I must say that I am impressed with the way Hansen treats the topic of paradox. He makes it clear with lots of metaphors and illustrations. Yet, the more we understand the individual parts and the need for tensions, we are also awed by the mysteries and the many unexplained paradoxes of life and in particular, theology. Scriptures is an example of such a paradox. For many Christians, the Bible is the defacto revelation of God, that the more we read and know the Word of God, the more we would know God. Yet, how can finite minds comprehend an infinite Being? How can we ever interpret in a way that fully captures what God is trying to say? Perhaps, the use of biblical paradoxes is relevant. The more we read the Word, the more we realize how much we do not know. The more we realize we do not know, the more we want to read the Word. This rhythm moves us forward, backward, and take us to places that we have never gone before. Hansen's book equips us to do just that with the three metaphors. It is perhaps one of the best books for those of us struggling to make sense of the seeming contradictions we encounter in the faith and in the diverse interpretations throughout history.

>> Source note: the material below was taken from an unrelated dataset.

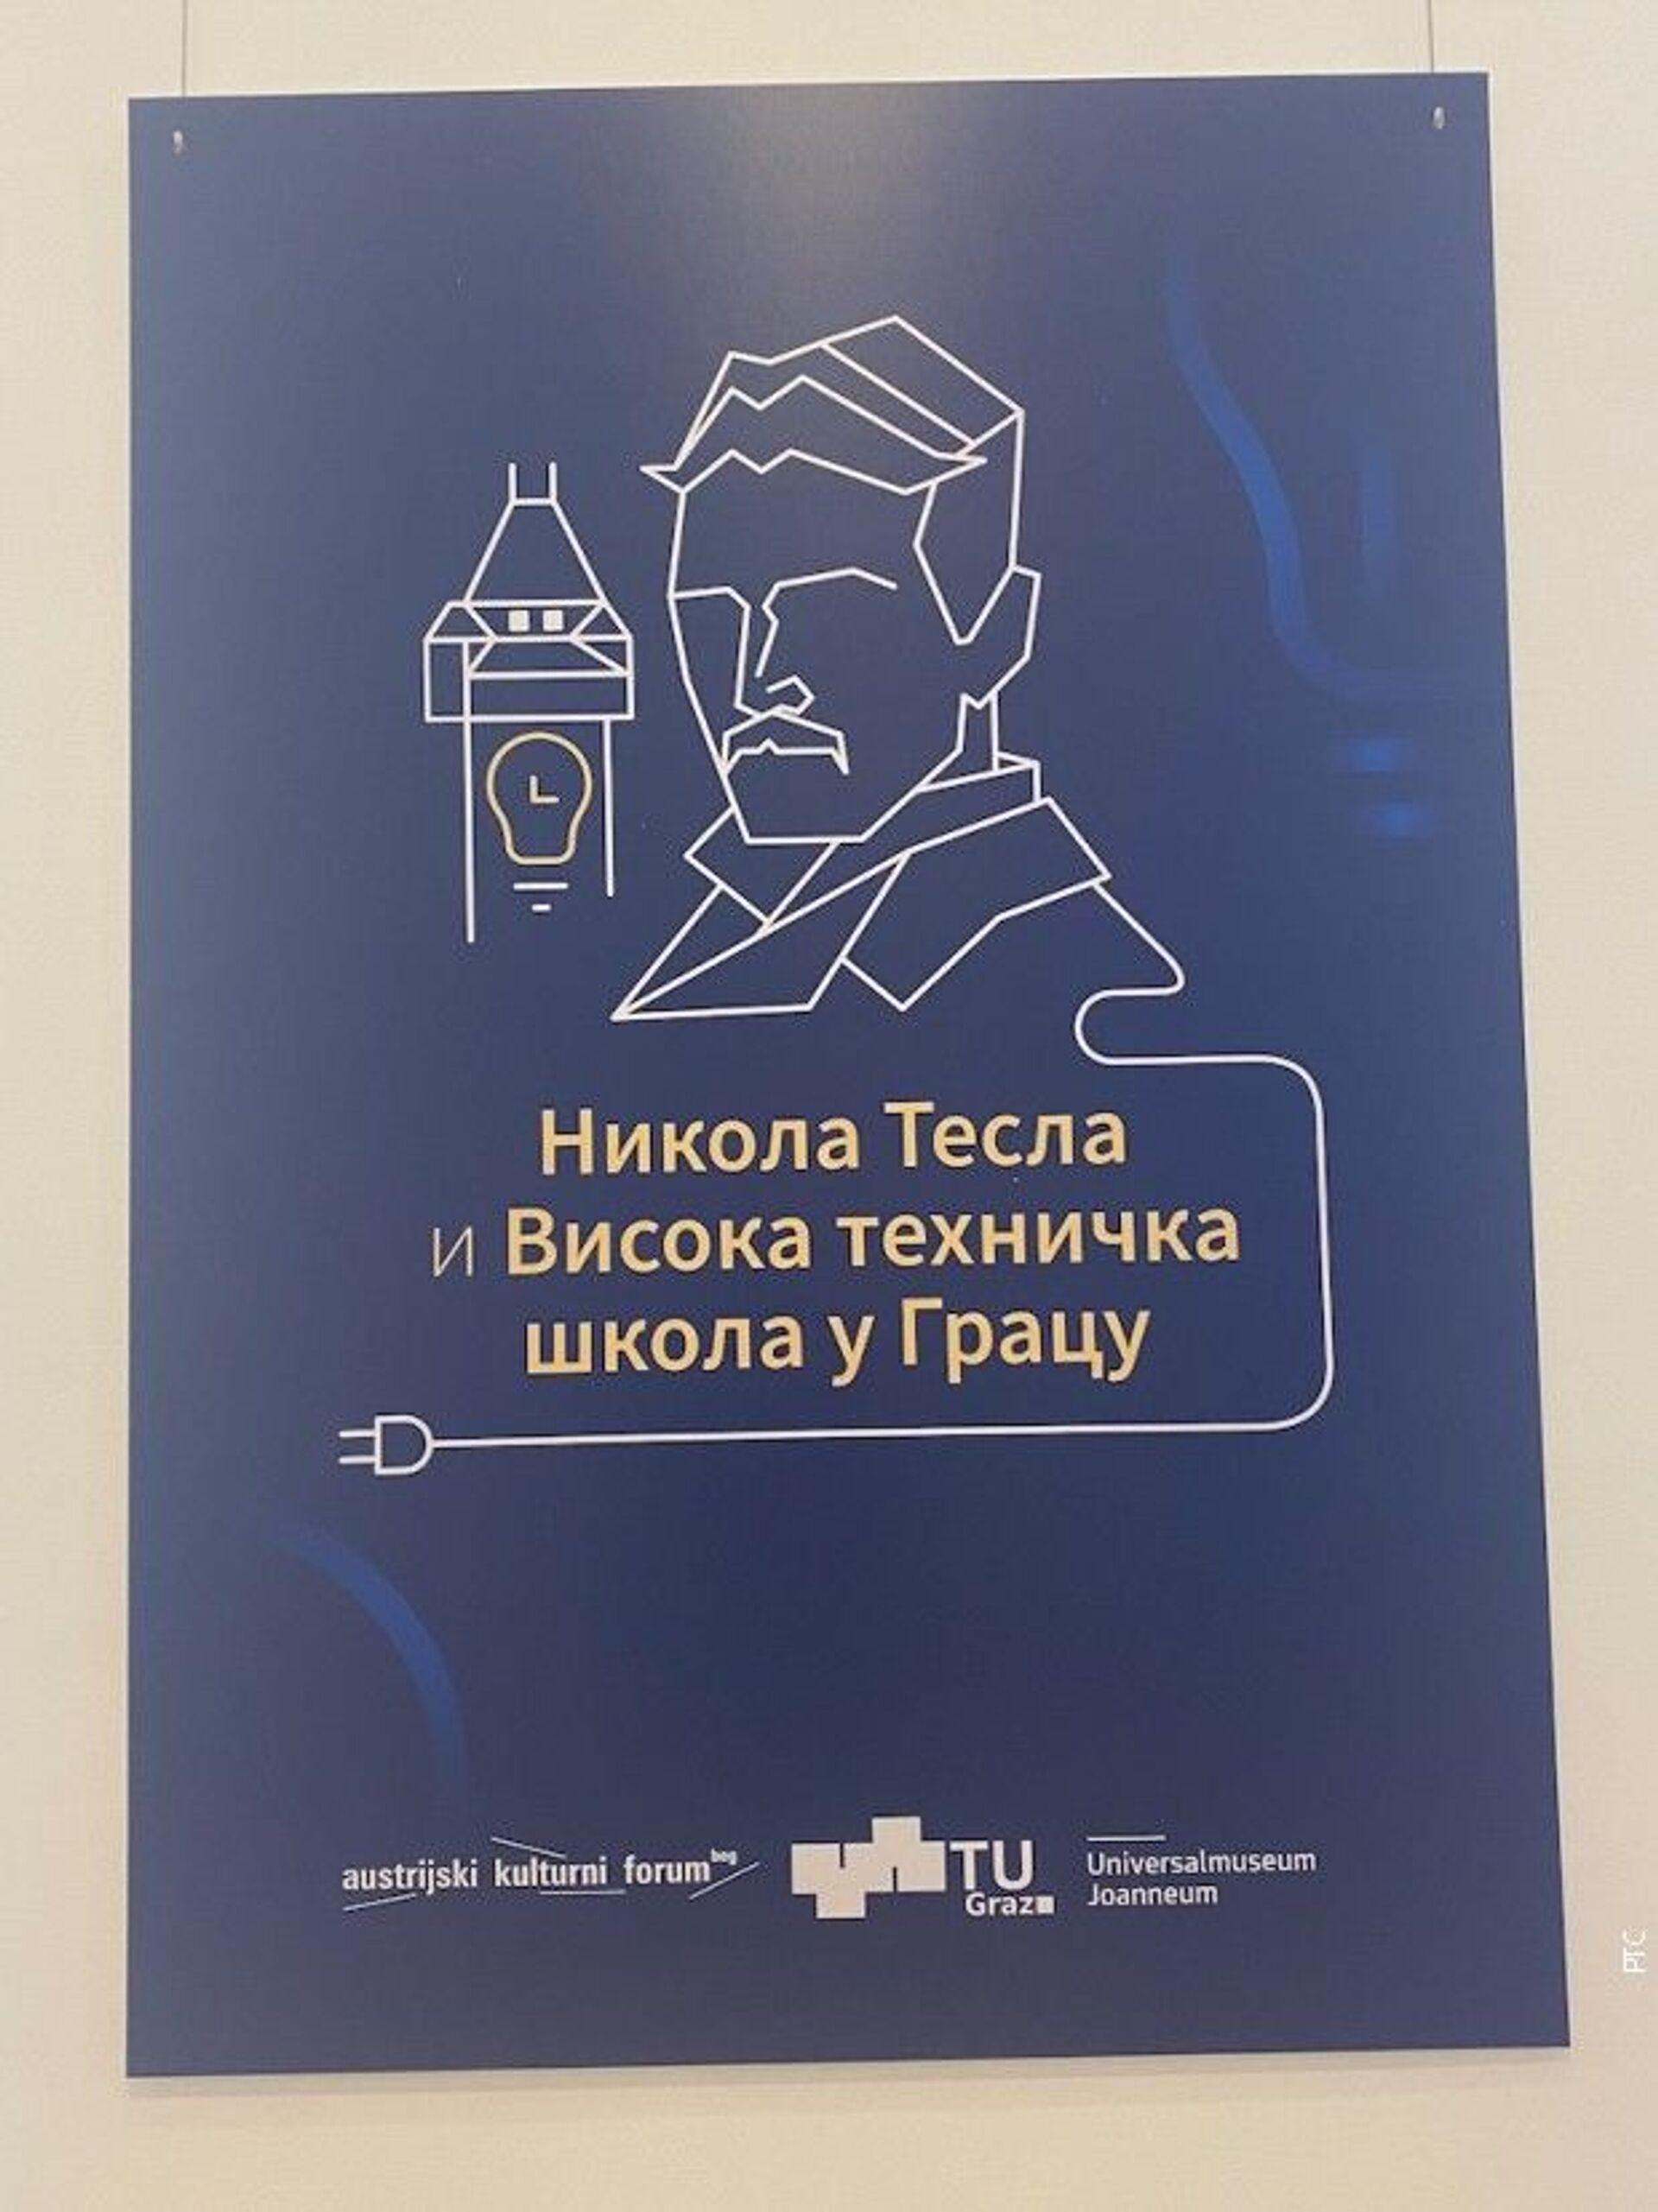 """Изложба """"Никола Тесла и Висока техничка школа у Грацу"""" биће отворена до 24. јула - Sputnik Србија, 1920, 13.07.2021"""

In a deterministic world, we believe that every effect has a cause; and every problem has a solution. When a purpose driven life is all that matters, anything else would seem out of place, confusing, and intolerable. Things unexplainable and mysterious would be placed in a box with question marks. Maybe the reasons for the perceived contradictions will come later. We live in a world of physical and mental boxes that we try to hem in to control and to explain things. We even attempt at boxing down everything we encounter in life. In our everyday life, when we encounter something we do not understand, the first way is to find teachers or experts to help us find the solution. The second way is to give up and move on to the next box of problems. The third way is to allow both the 'problem' and ourselves to linger on, to ponder, and to reflect. More importantly, it teaches us to wait and recognize that there is only one True Teacher and that is the Holy Spirit. Thankfully, Hansen has highlighted this third way. Great book!
Rating: 5 stars of 5.
This book is provided to me courtesy of Zondervan Academic and NetGalley in exchange for an honest review. All opinions offered above are mine unless otherwise stated or implied.